John Hammond, Intolerant Champion Original creative idea: Mark Nutley/Pat Hamill
- Client: Guinness
- Language: English
- Running time: 60 seconds
- Release date: 1 February 2016
- Directed by: Jake Nava
- Starring: Timothy Renouf Lianne La Havas; ;
- Production company: AMV BBDO, Irish International
- Country: UK

= John Hammond, Intolerant Champion =

Guinness advertisement

John Hammond, Intolerant Champion is a Guinness advertisement, part of the Guinness' 'Made of More' campaign, and produced in 2015 by AMV BBDO and Irish International. It is directed by Jake Nava, and stars Timothy Renouf as John Hammond, featuring alongside Lianne La Havas. The advert is narrated by Danny Glover and appears in black and white. It was released online on 1 February 2016 and on television two days later. The music is based on a remix from Sing, Sing, Sing. The sequence begins with Hammond walking into Claridges Hotel in New York to record at his radio station with his jazz band made up mainly of black musicians in the 1930s; a time they were typically segregated.

Four short supporting documentaries were produced to accompany the film. The first featured Amir Amor, the second Lady Leshurr, the third La Havas, and the fourth and final documentary featured Yannis Philippakis. Articles on the documentaries were led by The Irish Times and related each artists relation to the story of Hammond. The advertisement's intention has been seen to connect the black and white colour of Guinness with Hammond's "refined taste for music and his openness to African Americans for his love for jazz".

==Production and background==
John Hammond, Intolerant Champion is a Guinness advertisement, produced in 2015 by AMV BBDO and Irish International, directed by Jake Nava, and launched by Diageo in 2016. The short film portrays Timothy Renouf as John Hammond, and also features Lianne La Havas and was voiced-over by Danny Glover.

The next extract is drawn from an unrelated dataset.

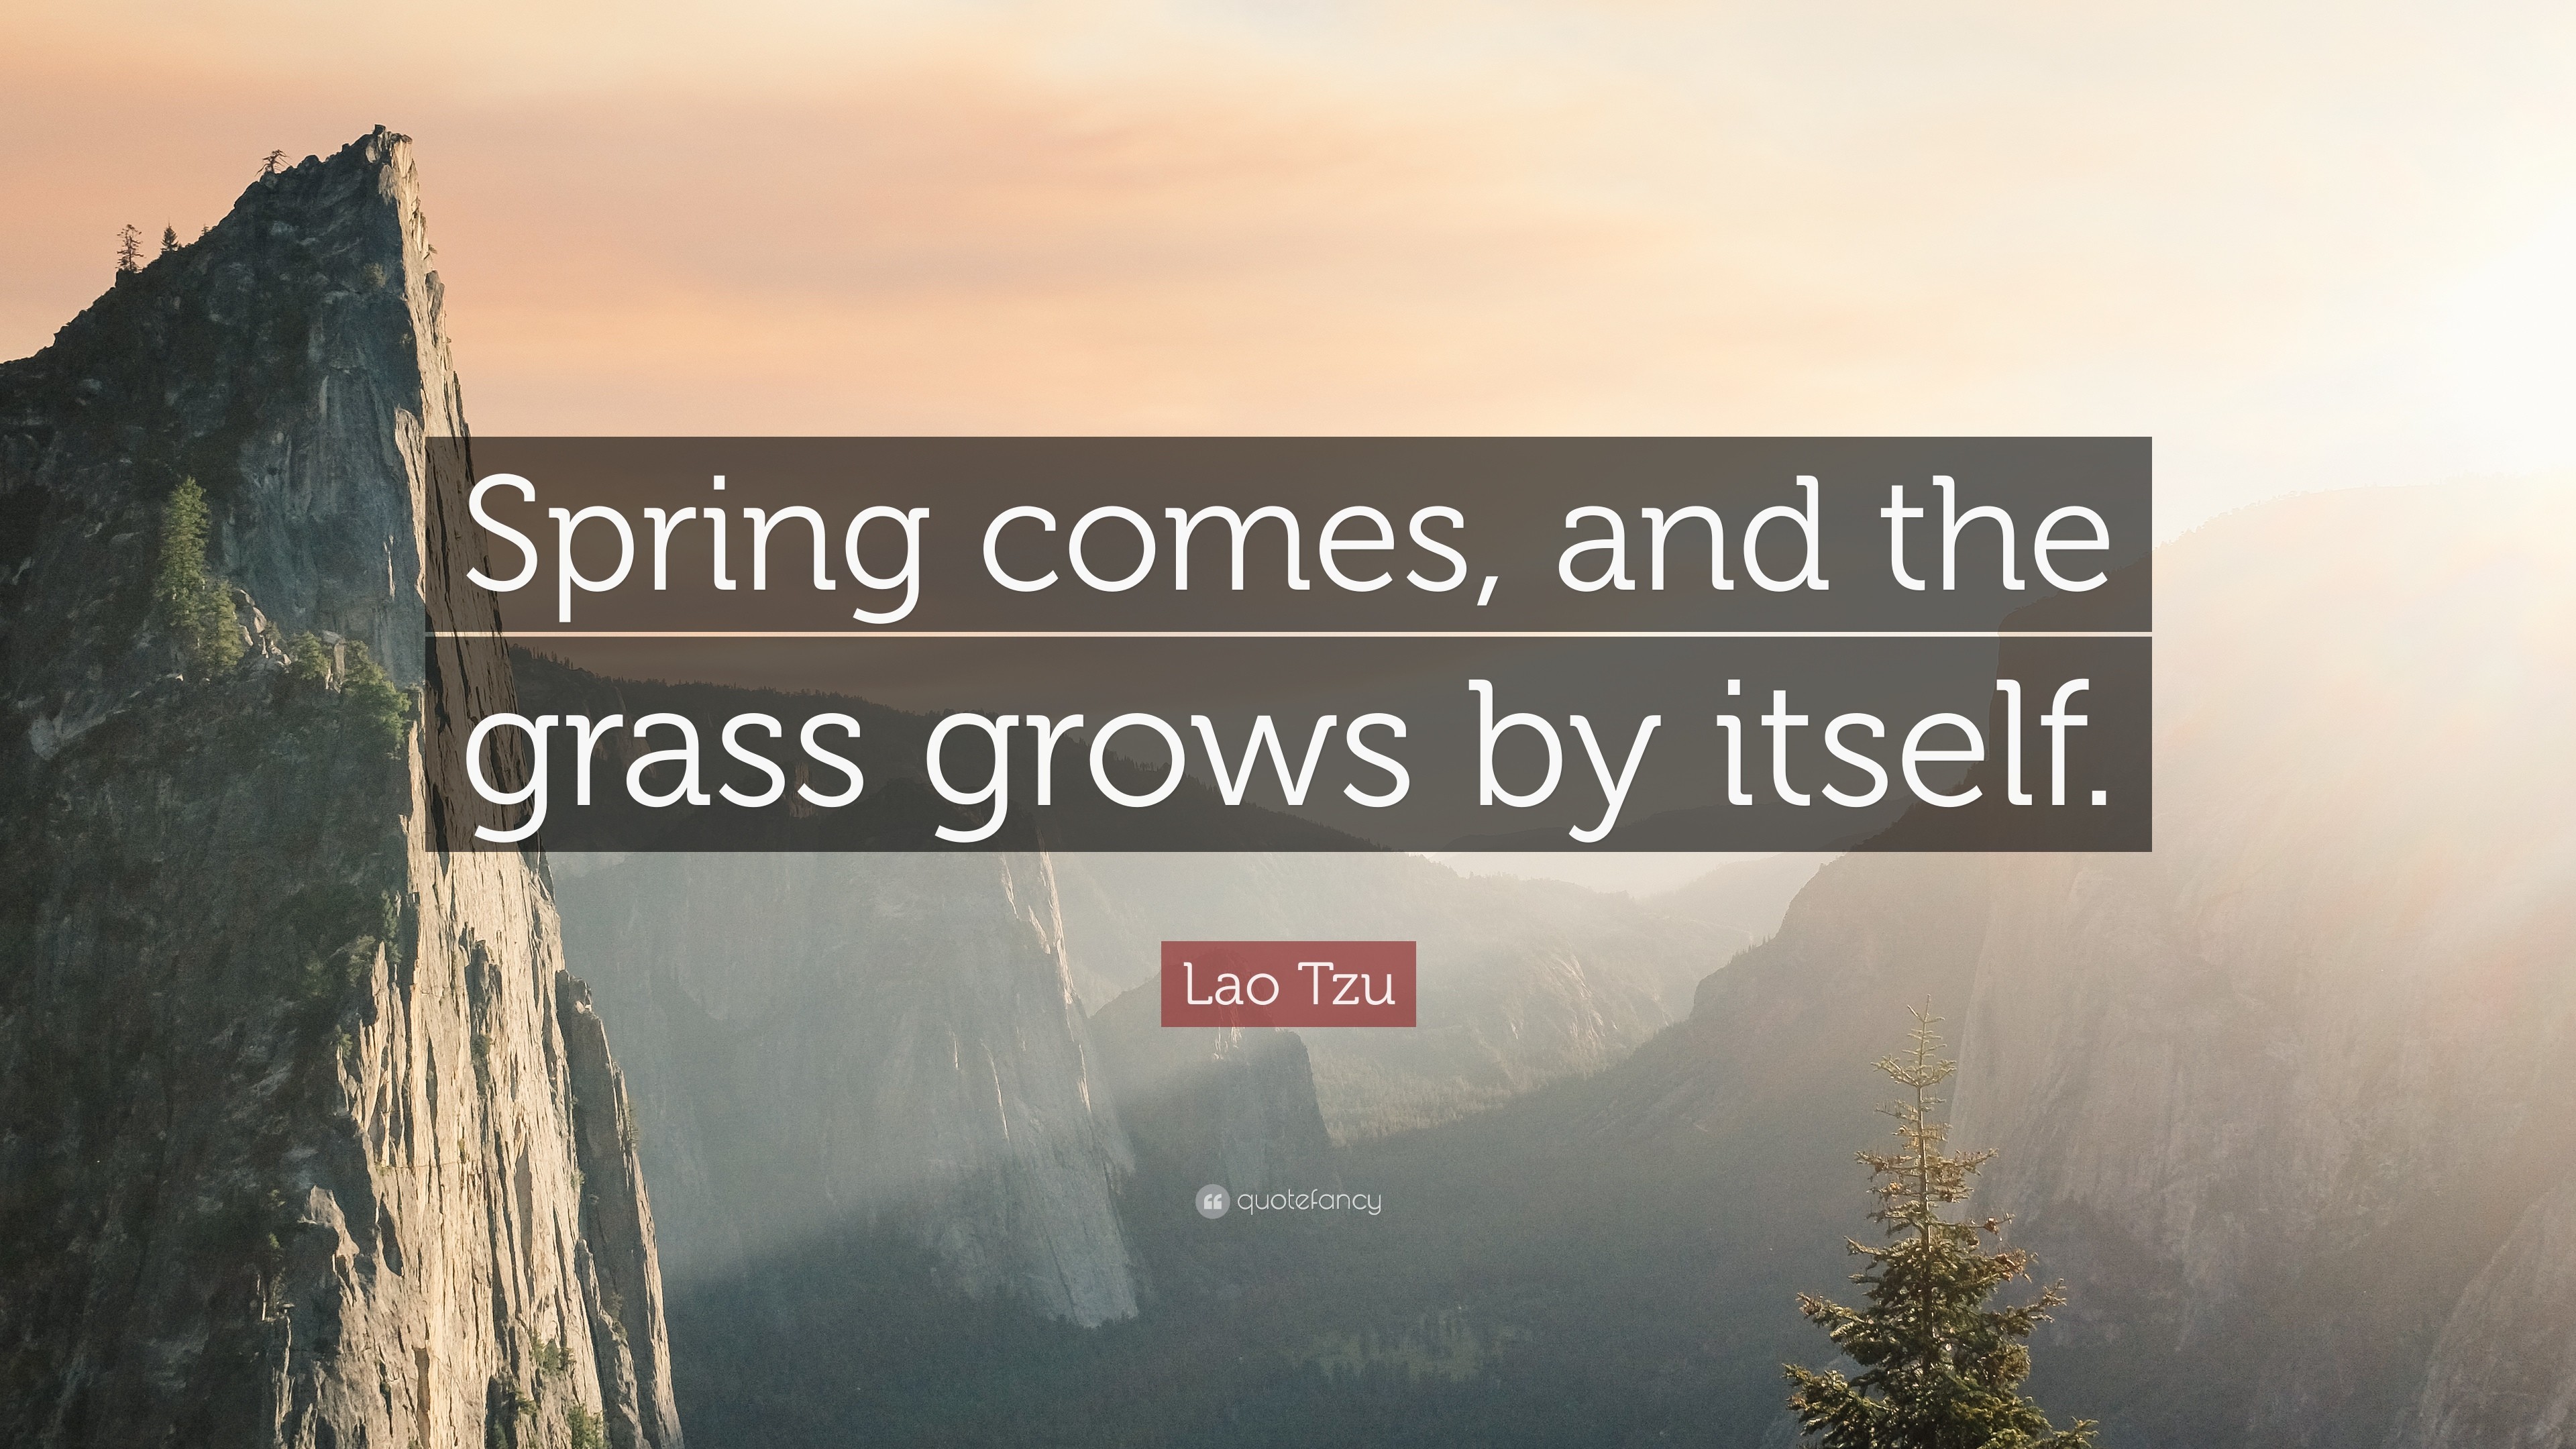 3840x2160 Lao Tzu Quote: “Spring comes, and the grass grows by itself.”

Part of the Guinness' 'Made of More' campaign, it tells the story of Hammond, known for signing up black and white musicians in the 1930s, and who recruited artists such as Billie Holiday, Count Basie and Aretha Franklin. The title comes from Hammond's self-statement of how he saw himself; "the sometimes intolerant champion of tolerance". It was released online and on Instagram on 1 February 2016 and on television two days later. Four short supporting documentaries were produced to accompany the film. The first featured Amir Amor, the second Lady Leshurr, the third La Havas, and the fourth and final documentary featured Yannis Philippakis.

==Sequence==
Hammond is depicted walking into a radio station in the 1930s, to record live on air a band consisting of black and white musicians, despite a radio station ban on black musicians being reported in the newspapers. Black people are seen dancing to jazz, and Hammond is shown socialising and laughing with them. The complete sequence lasts 60 seconds. The music is based on a remix from Benny Goodman's Sing, Sing, Sing.

==Response==
The Irish Times led a series of articles on the supporting documentaries, beginning with how Hammond's story resonated with Amor, who had been a child asylum seeker in London.

The story was promoted on social media by La Havas. She related her own success on being "plucked from the ether" by her manager. Lady Leshurr responded to the film in the opening lines of her supporting documentary, saying that "John Hammond saw music as a force for good" ...and ... "He didn’t really care about what race or culture the music was. He was just passionate about it. That’s the same for me". The advertisement's intention has been seen to connect the black and white colour of Guinness with Hammond's "refined taste for music and his openness to African Americans for his love for jazz".